First of all, the official solution of last year is here. You can have a look 19 official explanation of the selection of ruozhuo
In my problem solution, I will analyze the code of problem C sentence by sentence as far as I can. Problem C has not been figured out yet
Soft Zhuo selects A Taoge to supplement the spirit
Soft Zhuo selection A
This question does not test any algorithm, but it is a simulation question to test the foundation, but the meaning of the question is indeed a little windy. Writing this problem still needs a relatively solid basic skill of c + +

#include<iostream>
#define ll long long
using namespace std;

int main()
{
ll t = 0;//According to the meaning of the question, 10% of the data is in the longlong class, so the answer needs to use longlong
cin >> t;//t queries
while (t--)
{
ll a, b, c, d,ans=0;
cin >> a >> b >> c >> d;//Definition and input
if (a <= b)//If you need less sleep than the first alarm clock, wake up after the first alarm clock rings
{
cout << b << endl;//Output answer
continue;//Enter the next cycle
}
else
{
if (c <= d)//If you fall asleep again longer than the bell time, you will never get out of bed again
{
cout << "-1" << endl;//Output - 1 according to the meaning of the question
continue;
}
else//This is the case when you can get up
{
ans = b;//First initialize the answer to the time when the first alarm rings
a -= b;//The update also requires sleep time
ll k = c - d;//k represents the time to fall asleep, that is, the alarm interval minus the time required to fall asleep
if (a % k == 0)//Calculate how many times the alarm will ring before you get up
{
ans += c * (a / k);//How many times does the answer take
}
else//It should be noted here that even if you have enough sleep time, you won't get up if the alarm doesn't ring, so you need (a+k+1)
{
ans += c * ((a / k) + 1);//Answer update
}
cout << ans << endl;//Output answer
}
}
}
return 0;
}



Soft B suffix zero count
Soft Zhuo selection B
This is a math problem. Many students may calculate this number and then see how many suffixes are zero. However, it should be noted that the limit of longlong data type is the 18th power of 10. If this number is calculated completely, it will certainly exceed this value, so we need to use other methods to solve this problem. Of course, You can get part of the score directly. A real game can get some points like this
Idea: first of all, if there is 0, there must be 10 in multiplication.
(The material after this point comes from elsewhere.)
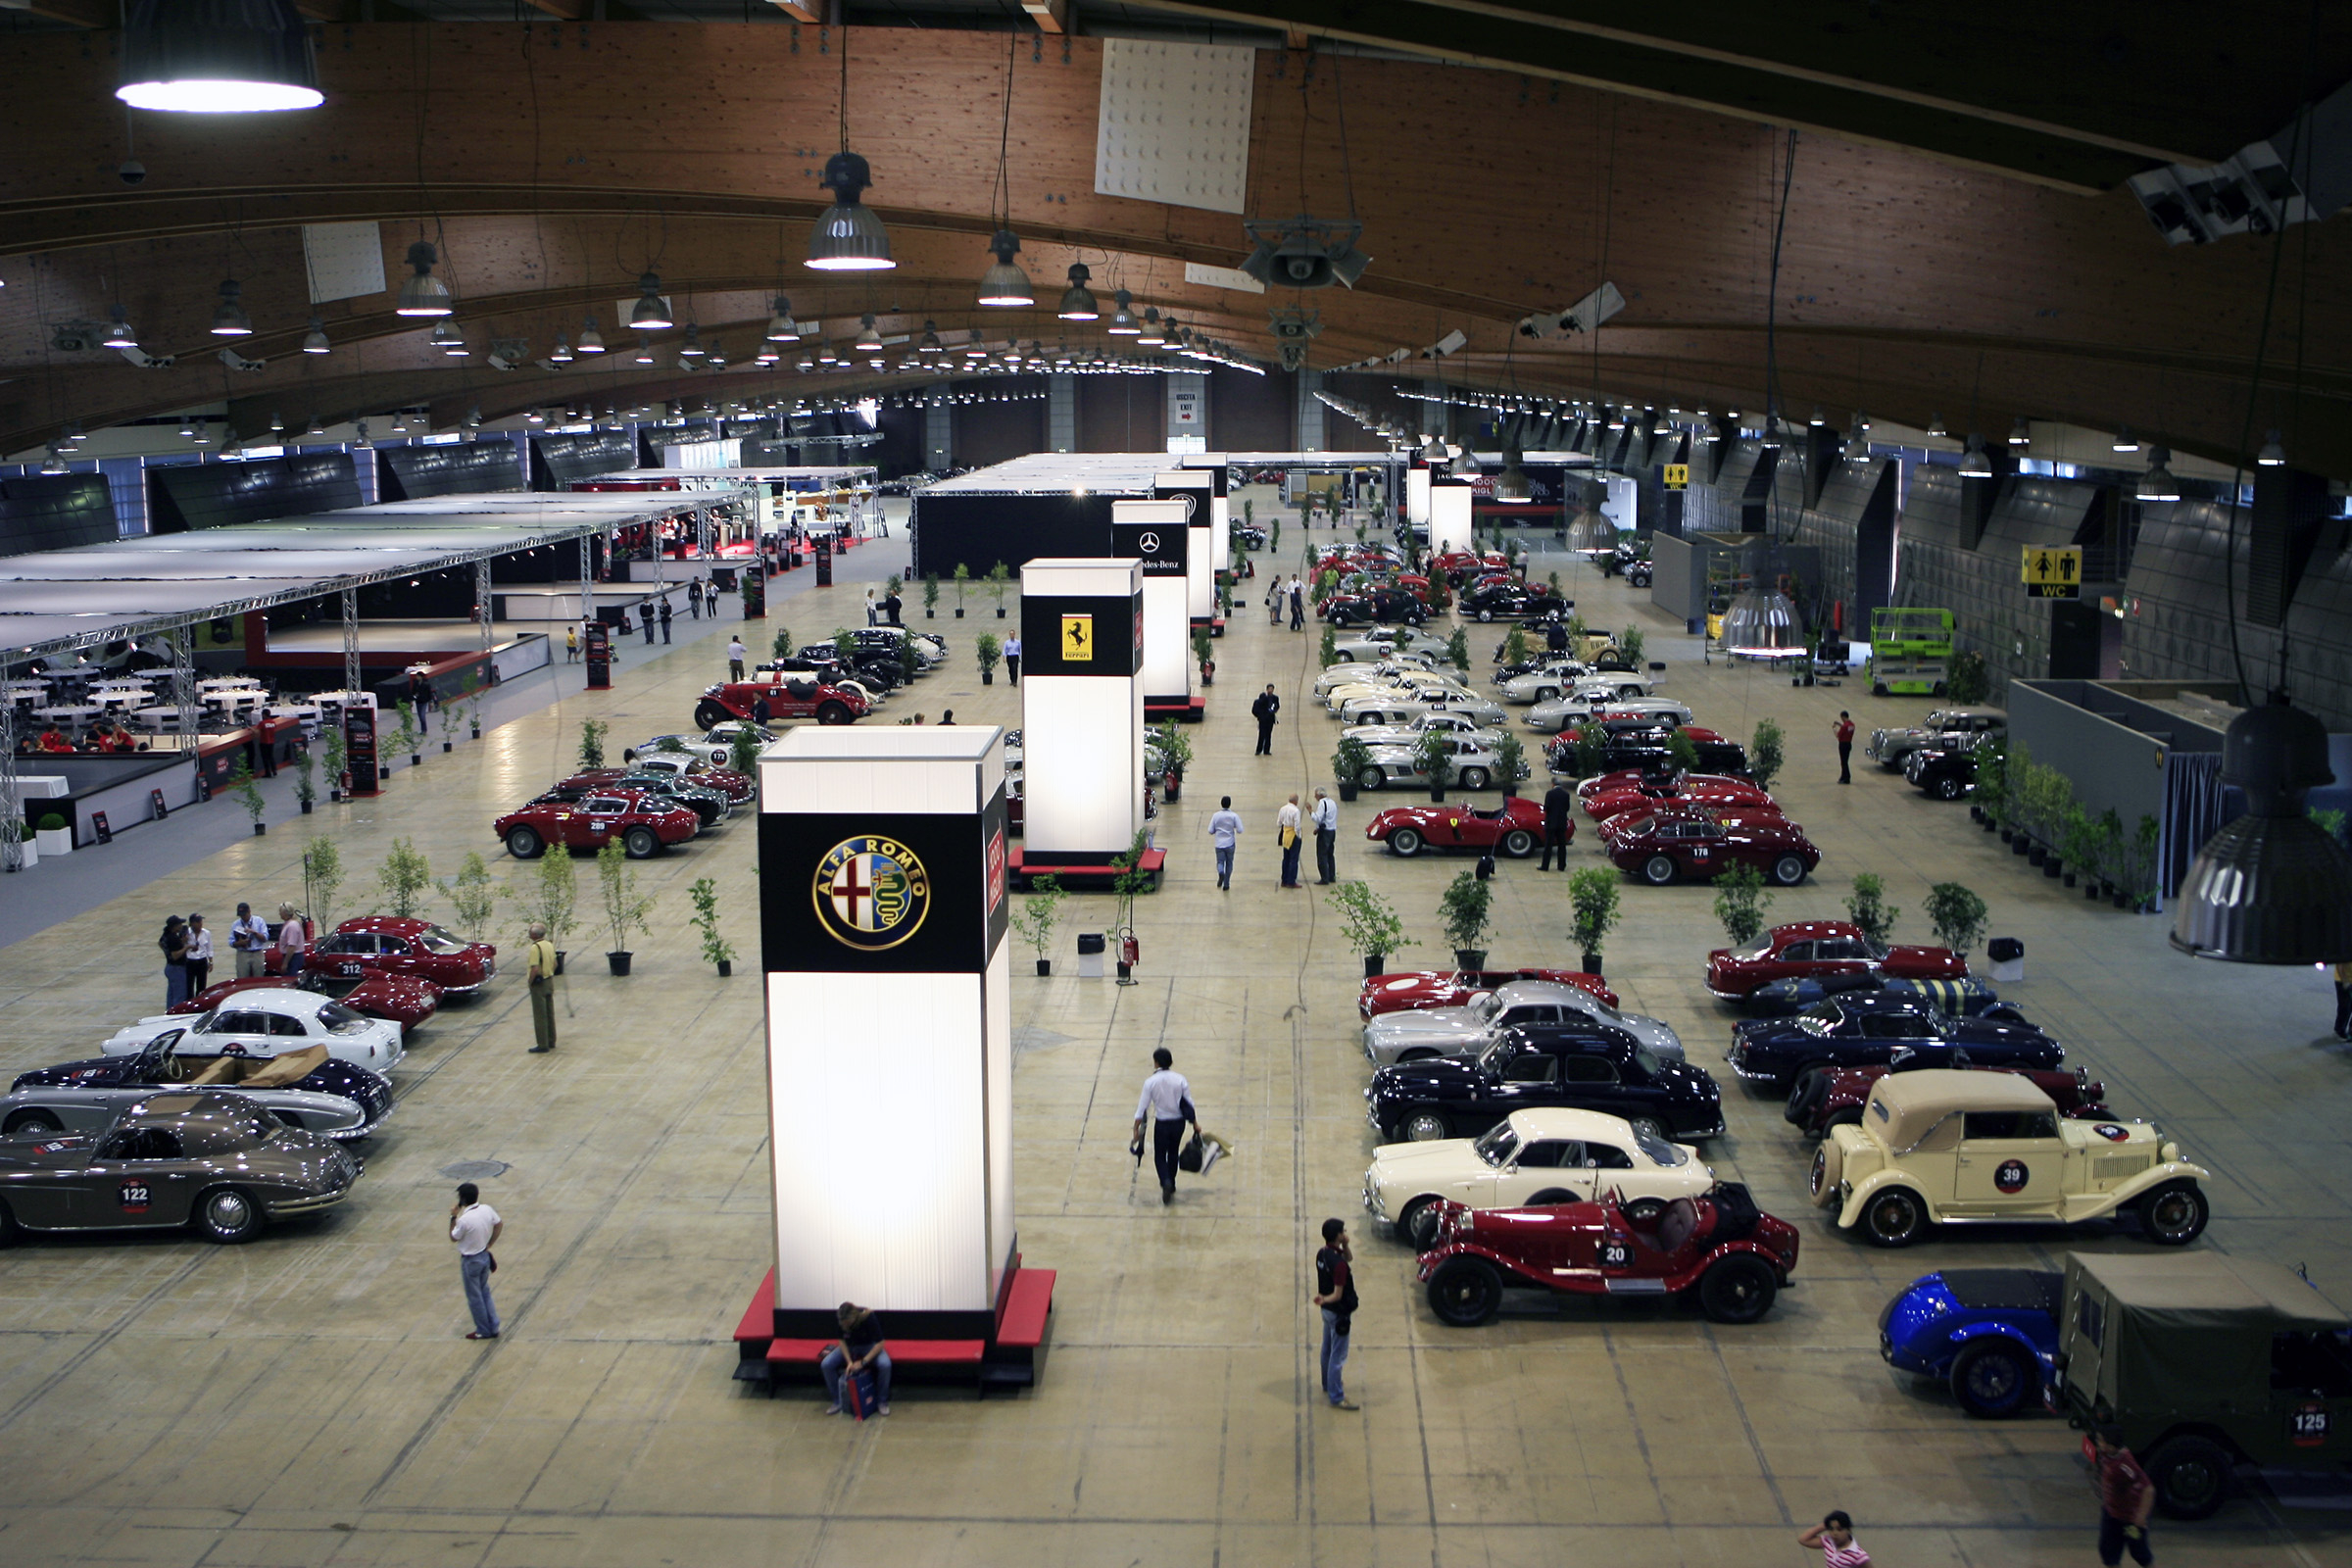 Scrutineering in the expo hall was strickly for participants  (2008)
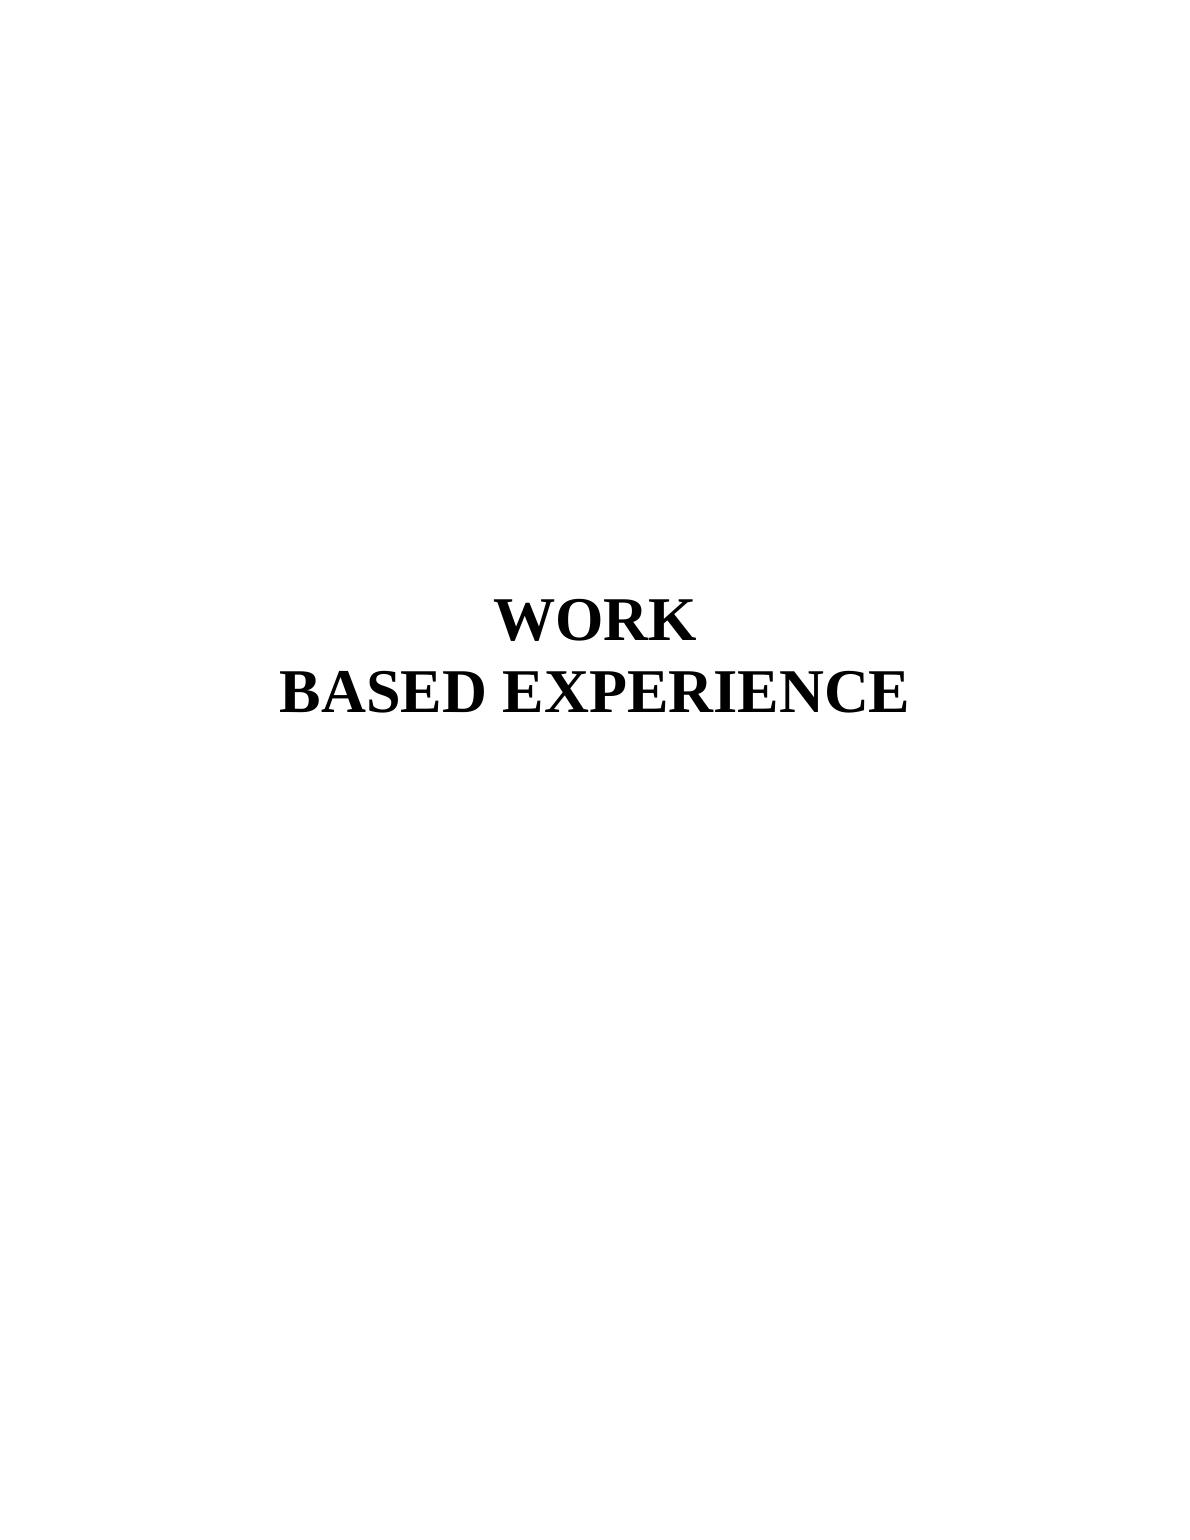 Aspect of Work Based Learning - Report_1

Only when there is a multiple of 10 in multiplication can there be 0. For example, 45 equals 20, in fact, 225 = 210 equals 20. Then let's look at 10. Only 25 equals 10, and 103 = 20 can be regarded as 253. Then the problem turns to how many 2 and 5 your data can be decomposed into, such as 10, 2, 8, 5, A total of 5 2, 2 5, can come up with 2 * 5, then the answer is 2

#include<iostream>
#include<cmath>
#define ll long long
using namespace std;
ll x, y;//Used to record how many 2 and 5 appear in total
ll a[100000];//Used to record data
void fun(ll t)//A function that can divide t by 2 at most several times is implemented recursively
{
if (t % 2 == 0)
{
x++;
fun(t / 2);
}
else
return;
}
void fun2(ll t)//A function that can divide t by 2 at most several times is implemented recursively
{
if (t % 5 == 0)
{
y++;
fun2(t / 5);
}
else
return;
}
int main()
{
ll n;
cin >> n;
for (ll i = 0; i < n; i++)
{
cin >> a[i];
if (a[i] % 2 == 0)
{
fun(a[i]);//It is used to calculate the number of 2. Because x is a global variable, it will not return to zero every time because of the loop
}
if (a[i] % 5 == 0)
{
fun2(a[i]);//Used to calculate how many 5
}
}
cout << min(x, y);//The smaller of the output x, y is the correct answer
return 0;
}


Soft Zhuo selects C tower son to calculate the probability
Soft Zhuo selection C
Last year's most difficult question was one that no senior student wrote last year... The author hasn't written it yet... So if you are interested, you can see the official solution written by brother Tazi below

Tazigo said:
This is an original problem adapted from P250 after class exercise 12.1 of discrete mathematics
It is not difficult to find: This is a classical probability, and the denominator is determined. It mainly calculates the numerator, that is, the number of schemes that meet the requirements
Solution with 20 points: triple cycle, violence statistics, all legal schemes Complexity O(n^3)
Solution with 40 points: Optimization: triple cycle. The innermost cycle is determined according to the value of the outer double cycle. The step is m and the complexity is
O(\frac{n^3}{m} )
Solution with 70 points: application of congruence
First, thoroughly understand the solution of the problem in the book:
https://www.zybang.com/question/47028159d760daa405307dd3158dd42e.html
In this way, the upper bound of our triple cycle is no longer n, but m. According to the simple counting principle, count the number of numbers in three congruence classes each time to find the combination number.
In the inner layer, I use map to store I, J and K, but since only three elements are stored at a time, the complexity of this part is constant and can be ignored
It is not difficult to find that the number of combinations in the inner layer is equal to 3, which is also a constant coefficient and is ignored
So total complexity: O(m^3)
Solution with 100 points:
According to the congruence relation identity (I, J and K are cyclic variables of three-layer cycle respectively)
The k of the innermost loop can be calculated according to the I, J, O (1) determined by the outer layer, and the innermost loop can be optimized
Reducing the complexity to O(m^2) can completely pass the problem.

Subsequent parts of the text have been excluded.